Since methane is 21 times worse a GHG than CO2, by converting these sources to biogas (before returning the resulting organic fertilizer byproduct to the soil), huge amounts of methane release are prevented.  The biogas can then be converted to electricity to backup a renewable power grid, it is easily stored for that purpose.

For every kwh worth of CO2 emitted (from using the biogas to generate power) 20 times that effective amount of GHG, in the form of methane is cancelled.  

Manure otherwise runs off into the ecosystem, combining with carbon stored as cellulose in dead plant matter in wetlands, for instance, to release methane.  One part of nitrogen (manure) to 30 parts carbon (in the cellulosic biomass in the wetlands) makes the perfect GHG generator.  Turning millenia of stored carbon into methane in the atmosphere.
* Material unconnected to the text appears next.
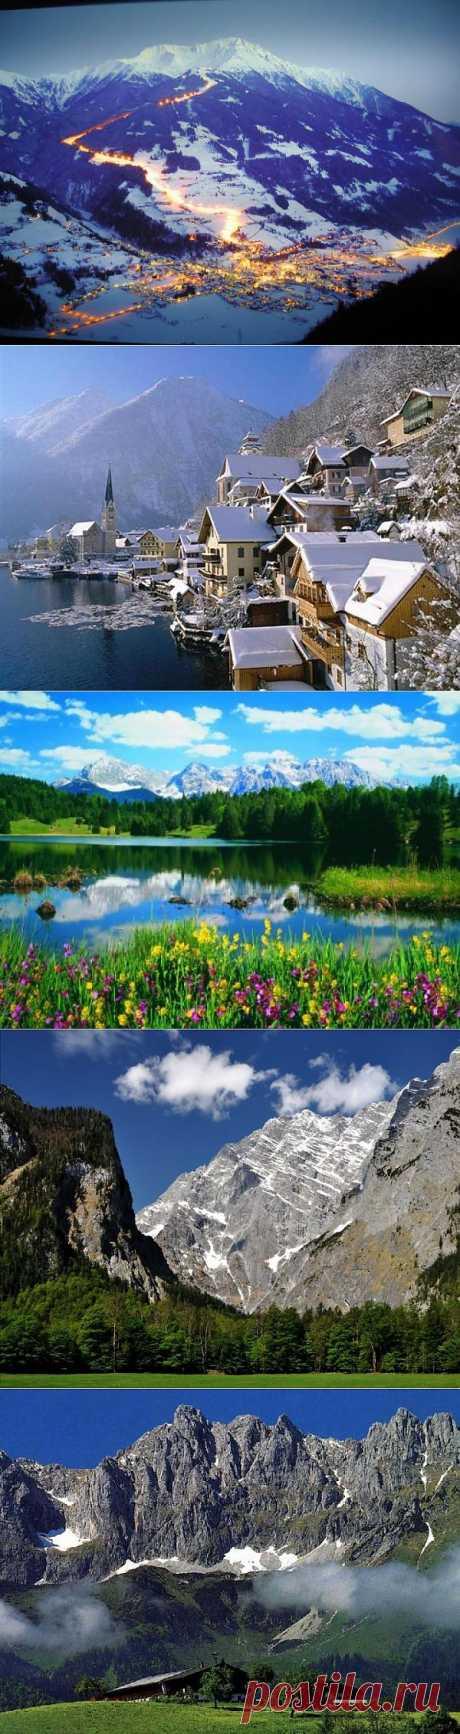 (+1) - Сказочная красота Австрии! | УДИВИТЕЛЬНОЕ

If 5% of our energy came from biogas generated from these waste sources, 20 time that effective amount of GHG would be offset.  100% of our GHG emissions.  Methane as a backup for a renewable grid and as a backup fuel for plugin hybrid hypecar (ultralight, ultra-efficient) vehicles could replace fossil fuel use, oil, gas, and coal.  Climate disaster and dependence on foreign oil and soaring energy prices, all problems solved.  

Ethanol keeps gas guzzling going, diverting the political and financial capital to get this biogas backed up, renewable energy revolution going.